Меч князя Буй-тура (СИ) - Пахомов Николай Анатольевич. Страница 34
— Крестную…
— Да-да, — подхватил хан подсказку Всеволода Святославича, — крестную клятву они часто нарушают.
— Ну, не то чтобы часто, однако бывает… — не совсем соглашаясь с ханом, уточнил Всеволод. — А где того не бывает?
— У нас, — кичливо изрек Роман Каич.
— Да брось ты, хан, — с откровенным недоверием к словам Романа Каича усмехнулся курский и трубчевский князь. — У вас, как и у нас, не все и не всегда держат клятвы. Впрочем, если крестное целование тебя не устраивает, то, может быть, подойдет тогда клятва на мече, — подсказал Всеволод, полушутя, полусерьезно; при этом лик его по-прежнему был строг, хоть икону пиши. — Эта клятва древняя, — пояснил он, устраняя последние сомнения у хана и «забывая» при этом сказать, что со времен крещения Руси таким способом соблюдения верности слову уже никто не пользовался. — На мечах клялись русские князья еще со времен Олега Вещего и Святослава Великого, когда ходили походами на Царьград. Меч — символ воинской чести. А честь — она везде честь.

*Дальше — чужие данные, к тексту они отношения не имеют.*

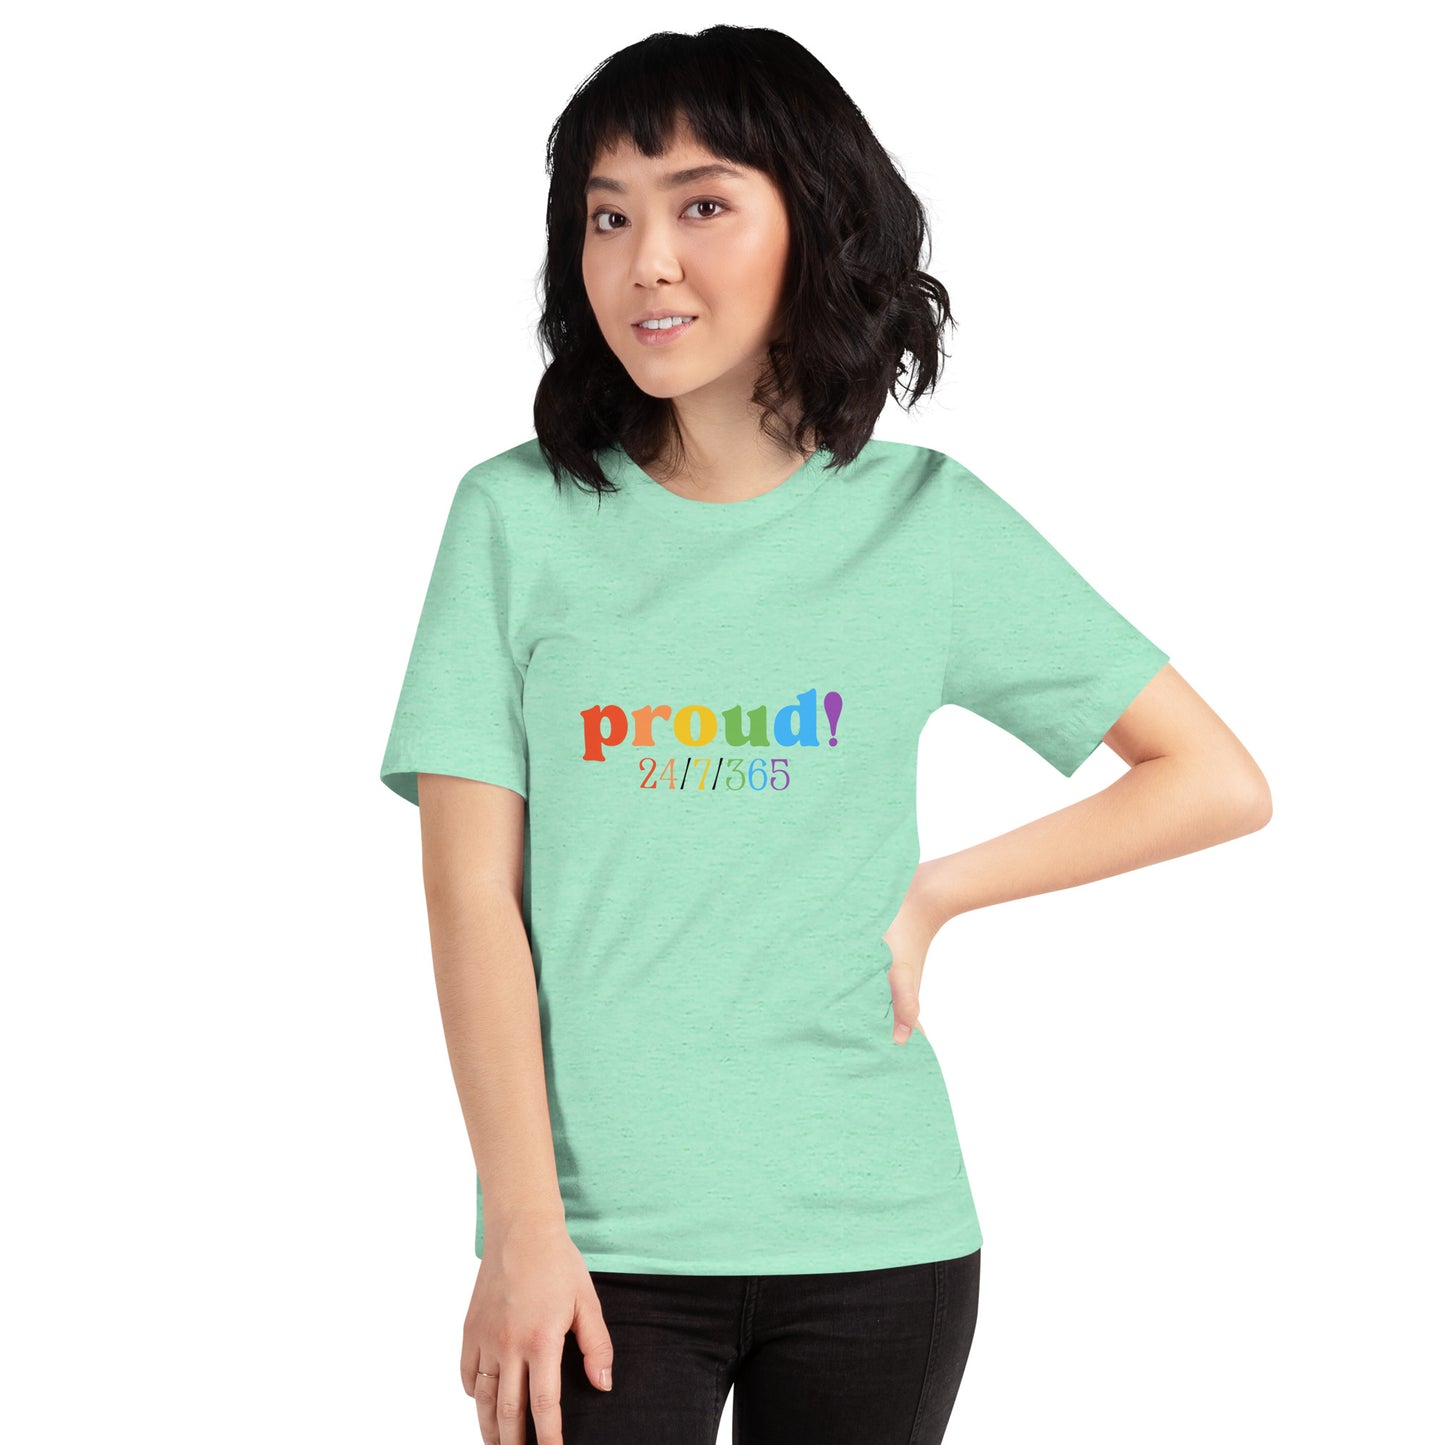 Proud 24/7/365 - Unisex t-shirt

— Да-да, давай, на мече, — ухватился за подсказку хан, не чувствуя тут никакой хитрой уловки русского князя, для которого такая клятва по большому счету силы не имела, но могла дать в его руки сам меч, следовательно, некую уже силу. — Конечно, на мече! Клянись на мече, батыр.
— Можно… только меча-то у меня и нет, — развел руками курский и трубчевский князь, лицедействуя.
— Найдем, — засмеялся с язвинкой превосходства хан. — Мои воины после той сечи много русских мечей подобрали. Любой дадим!
— Но нужен не просто любой меч, а мой, княжеский, меч, — продолжил игру Всеволод. — Только на нем клятва силу имеет.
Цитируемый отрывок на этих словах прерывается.